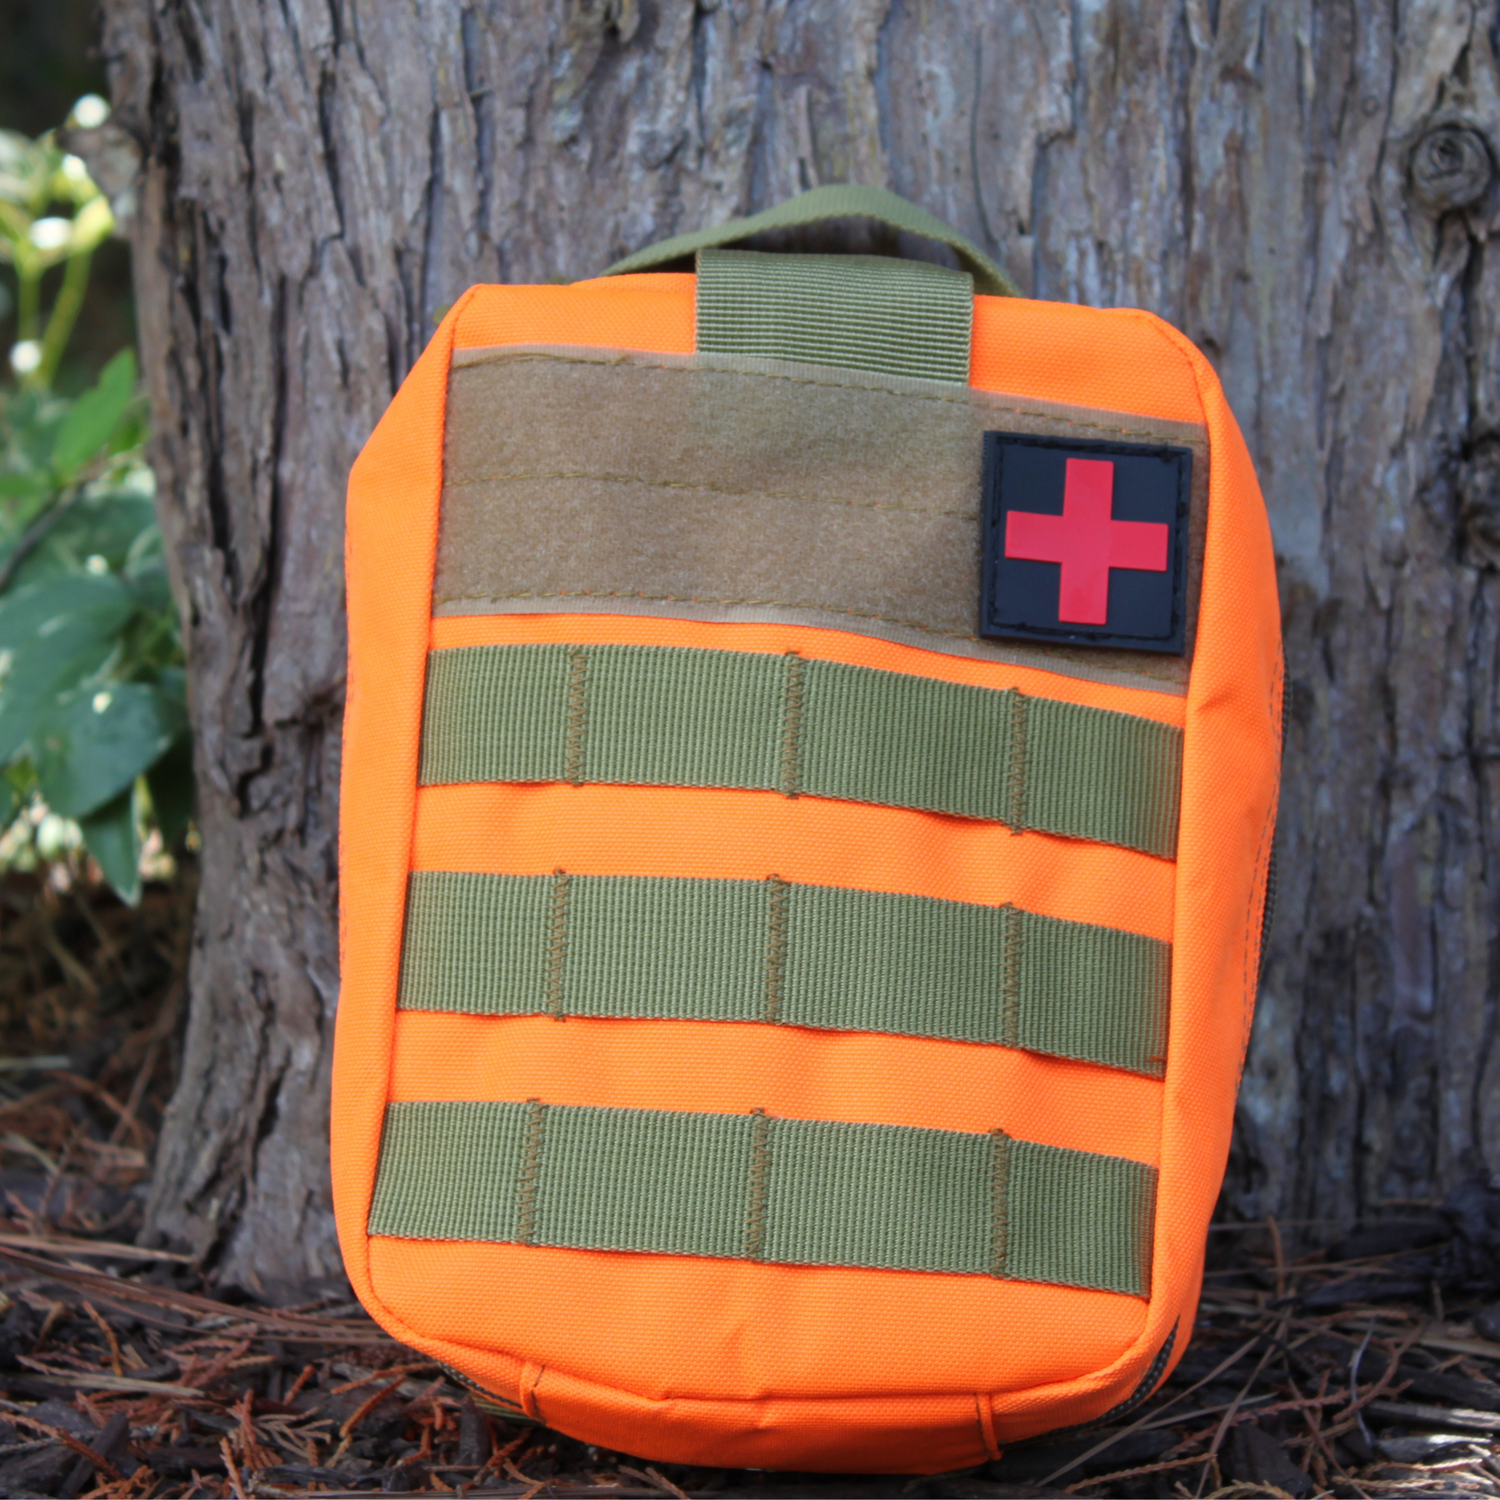 KIT 142 is a survival emergency kit for outdoor adventurers that includes 142 essential items, such as a heat-reflective emergency blanket, a tactical folding pocket knife, a multifunctional hatchet, a small shovel, a defense whistle, a flashlight, glow sticks, and medical supplies. The kit is packed into a durable, water-resistant bag that makes it easy to carry and store.
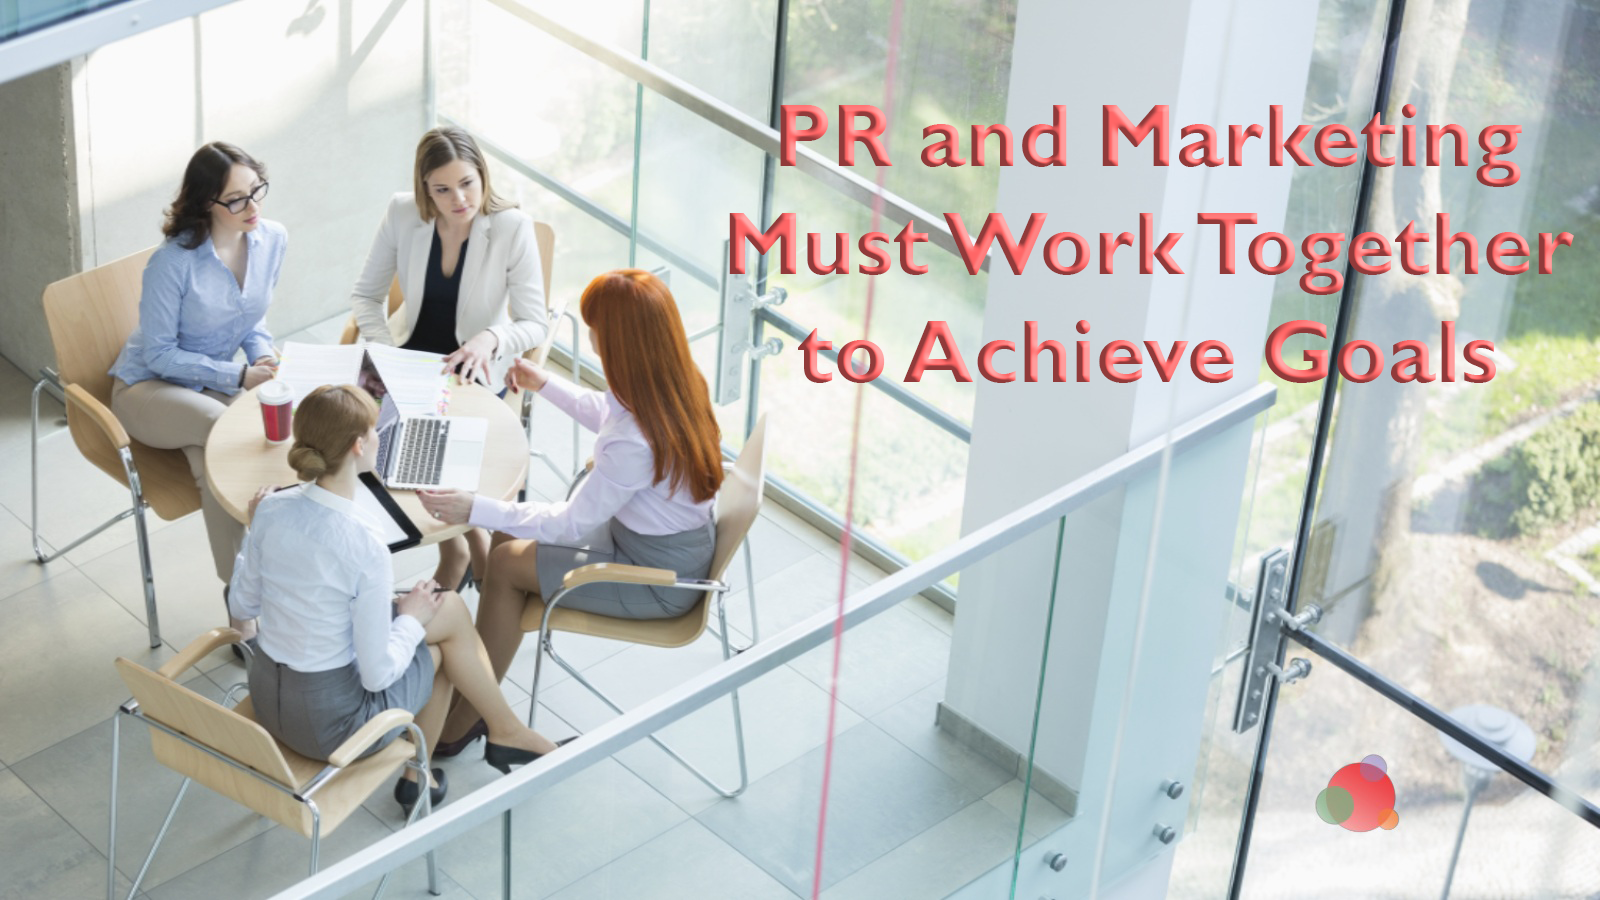 Why PR and Marketing Must Work Together for Better Results
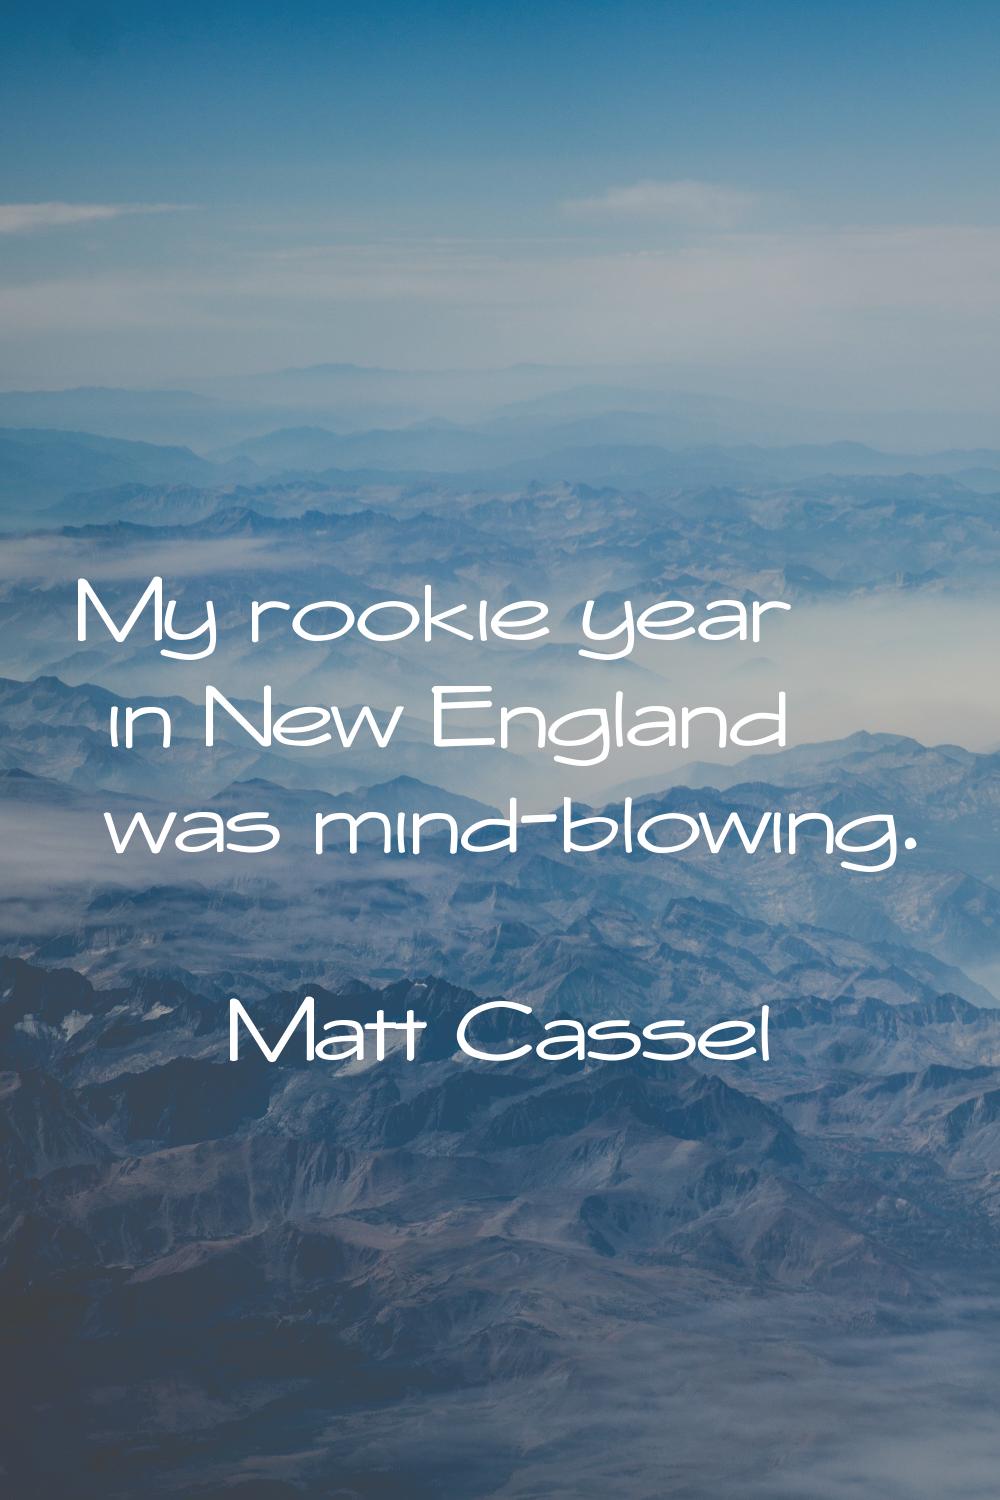 My rookie year in New England was mind-blowing.
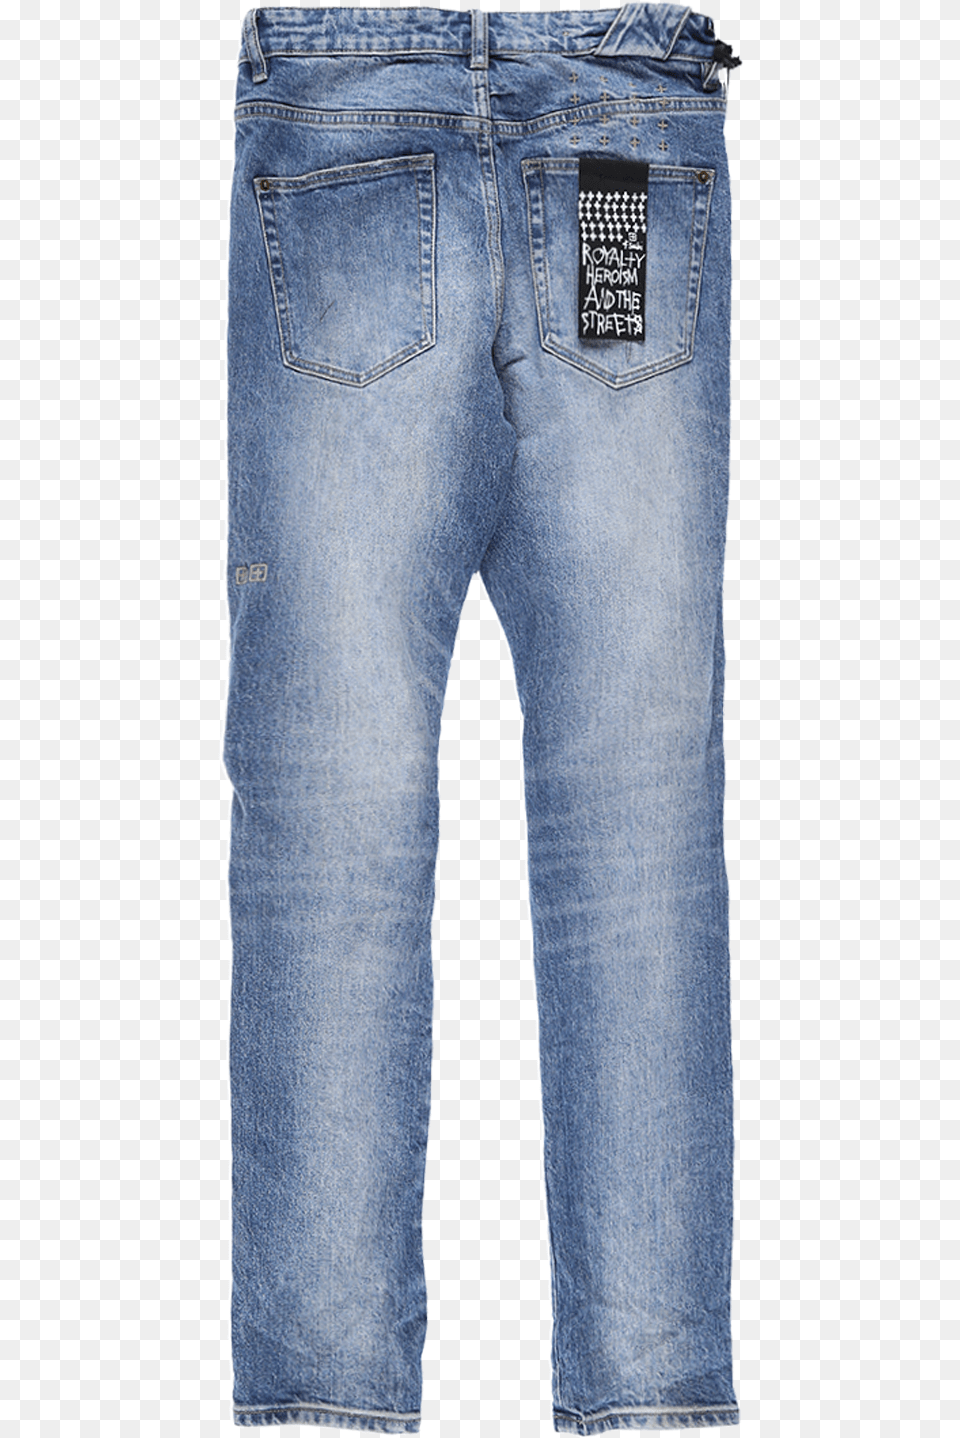 Pocket, Clothing, Jeans, Pants Free Png Download
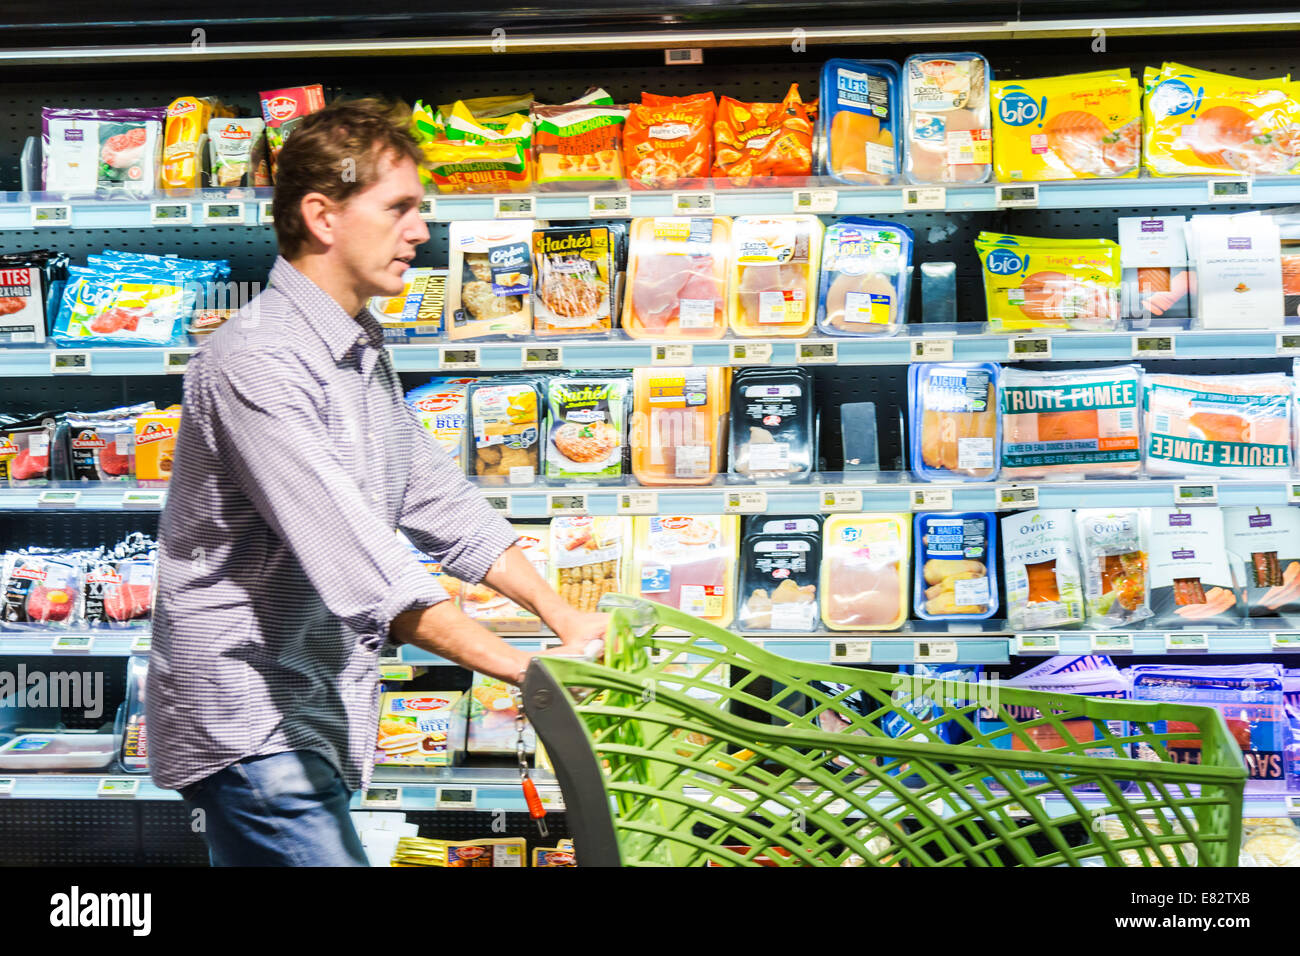 Man in a supermarket. Stock Photo

________________

> [Exercise] Your reply must contain each entry exactly as written and no pictures.

> [Answer below]
 KIT 142 is a survival emergency kit for outdoor adventurers that includes 142 essential items, such as a heat-reflective emergency blanket, a tactical folding pocket knife, a multifunctional hatchet, a small shovel, a defense whistle, a flashlight, glow sticks, and medical supplies. The kit is packed into a durable, water-resistant bag that makes it easy to carry and store.
 Why PR and Marketing Must Work Together for Better Results
 My rookie year in New England was mind-blowing.
 Pocket, Clothing, Jeans, Pants Free Png Download
 Man in a supermarket. Stock Photo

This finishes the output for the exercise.